>>>>>
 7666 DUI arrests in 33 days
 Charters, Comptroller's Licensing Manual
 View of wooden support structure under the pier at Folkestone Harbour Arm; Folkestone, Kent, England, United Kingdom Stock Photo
<<<<<
>>>>>
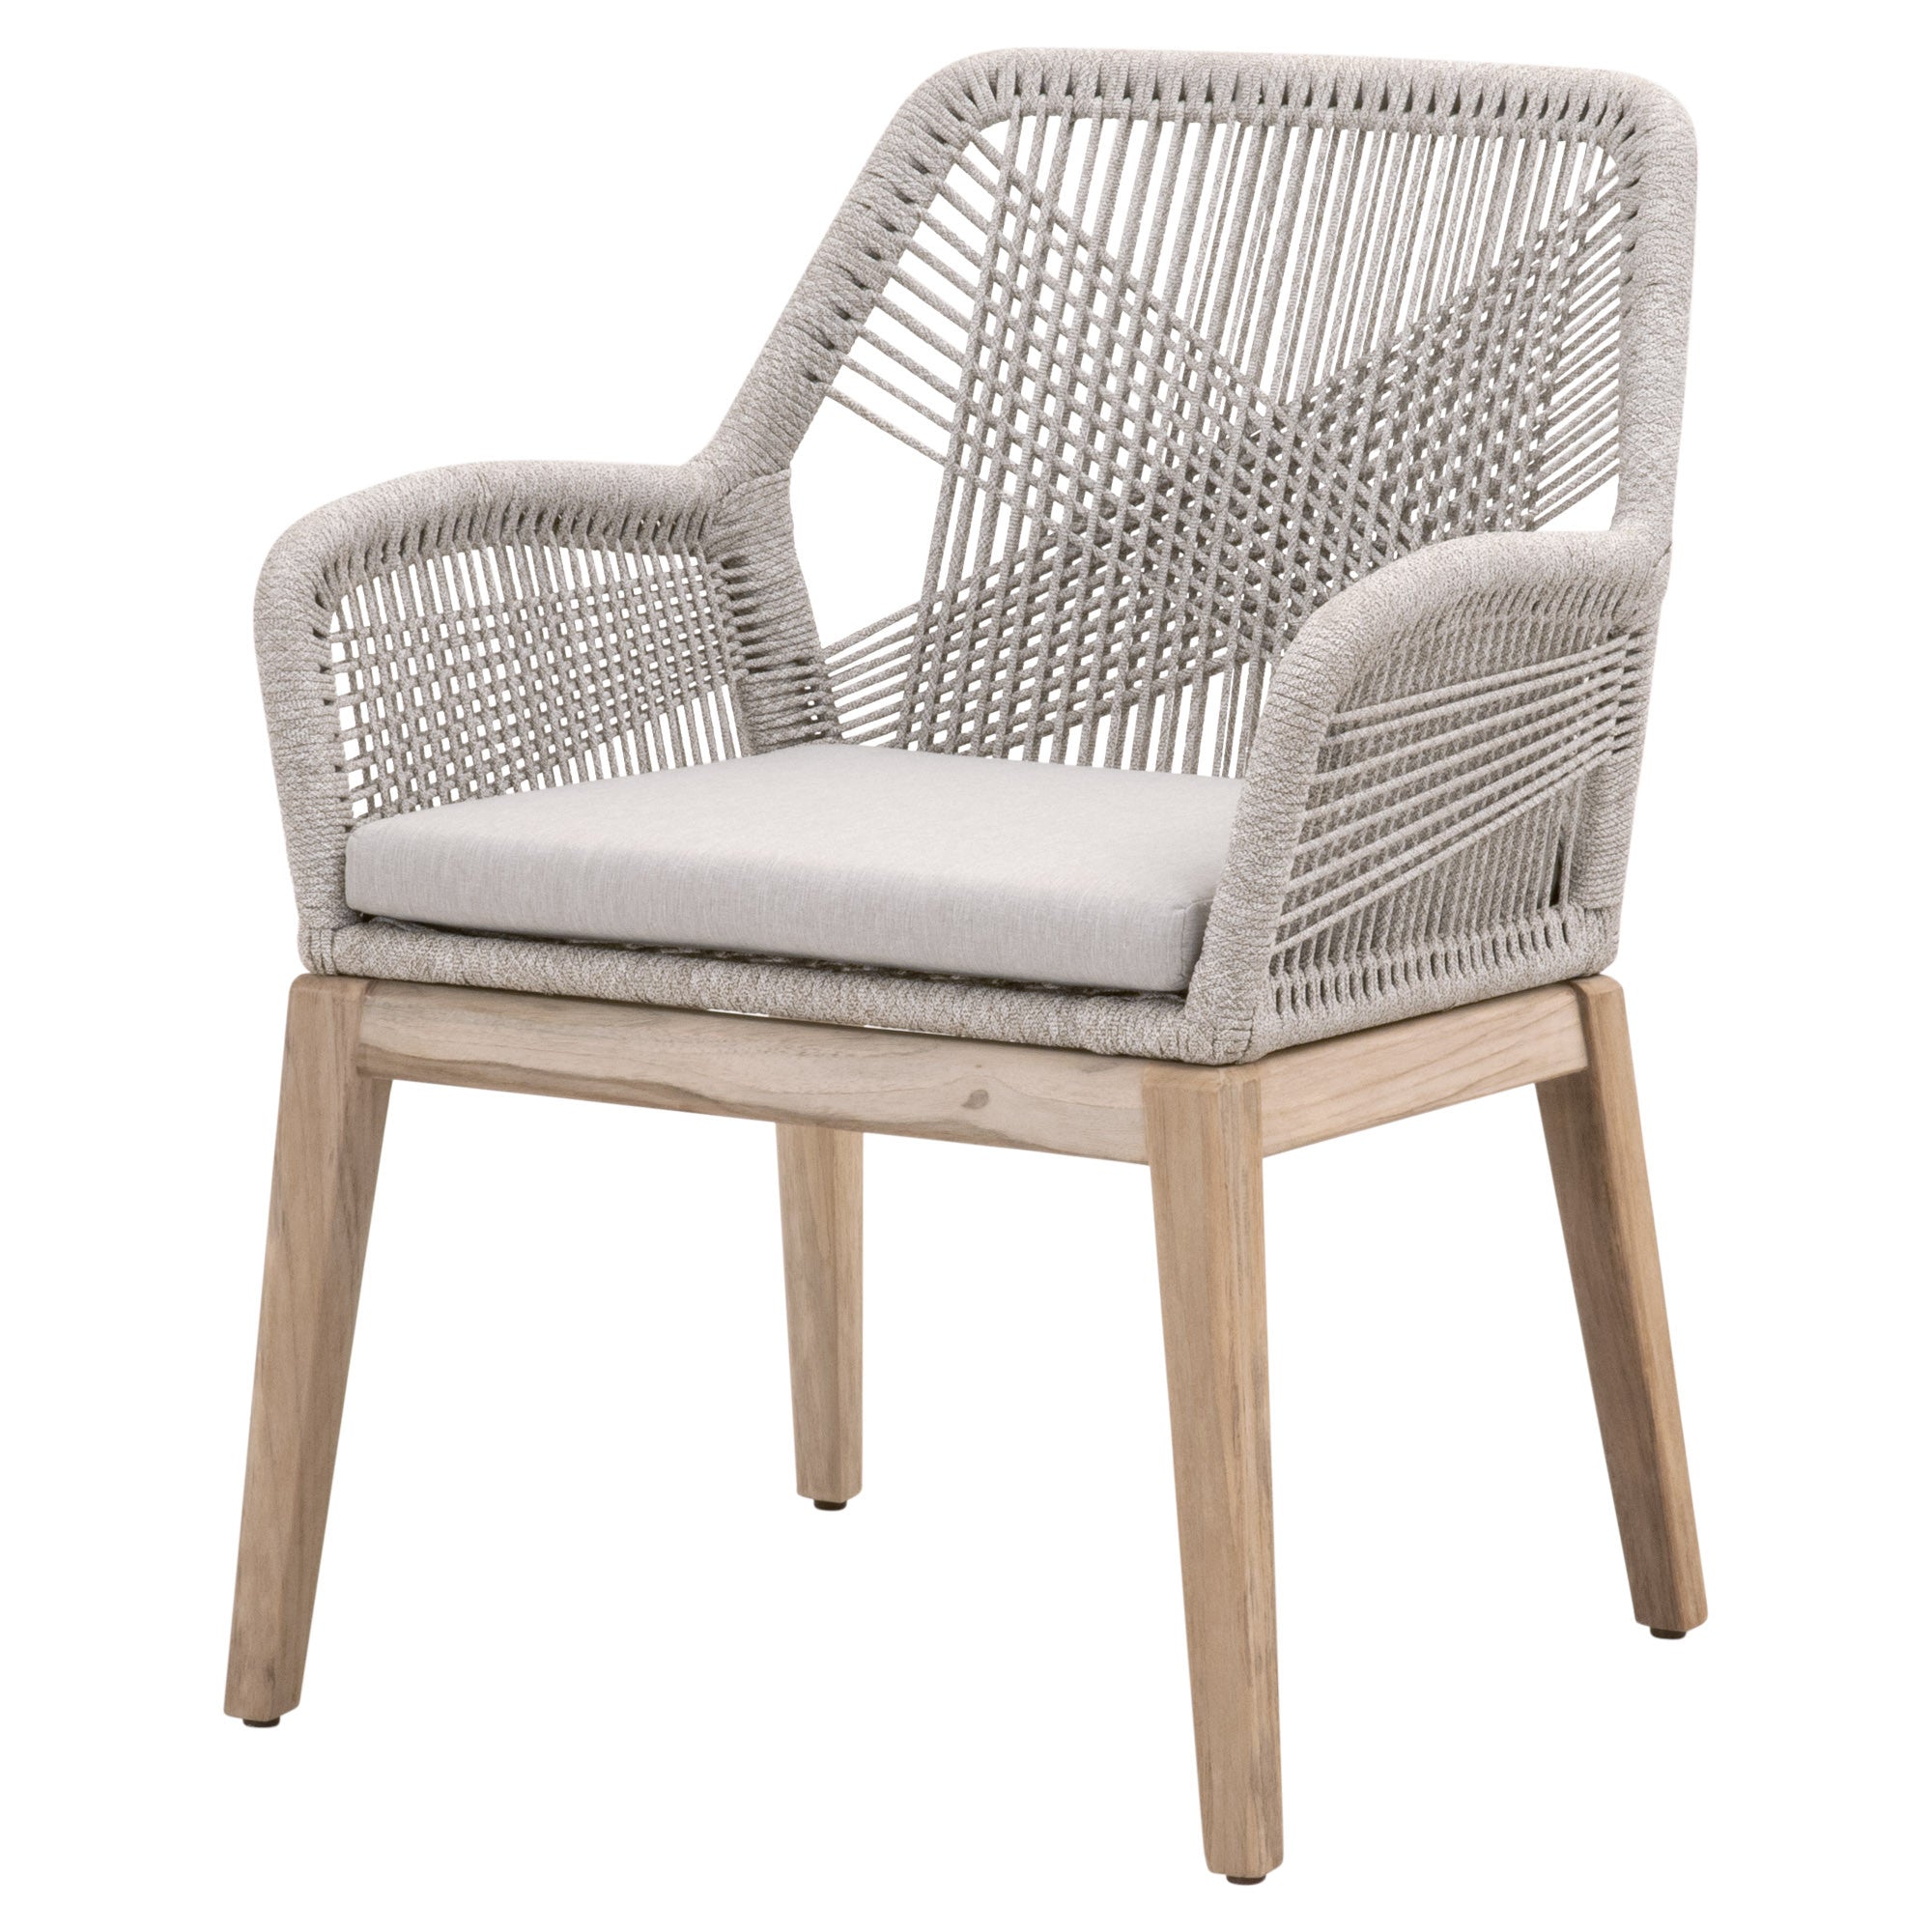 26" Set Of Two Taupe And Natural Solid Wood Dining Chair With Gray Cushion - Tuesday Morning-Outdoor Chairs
<<<<<
Give back, exactly as written, the stretch from the line with "7666 DUI arrests in 33 days" through the line with "View of wooden", and no other lines from the records above.

 7666 DUI arrests in 33 days
 Charters, Comptroller's Licensing Manual
 View of wooden support structure under the pier at Folkestone Harbour Arm; Folkestone, Kent, England, United Kingdom Stock Photo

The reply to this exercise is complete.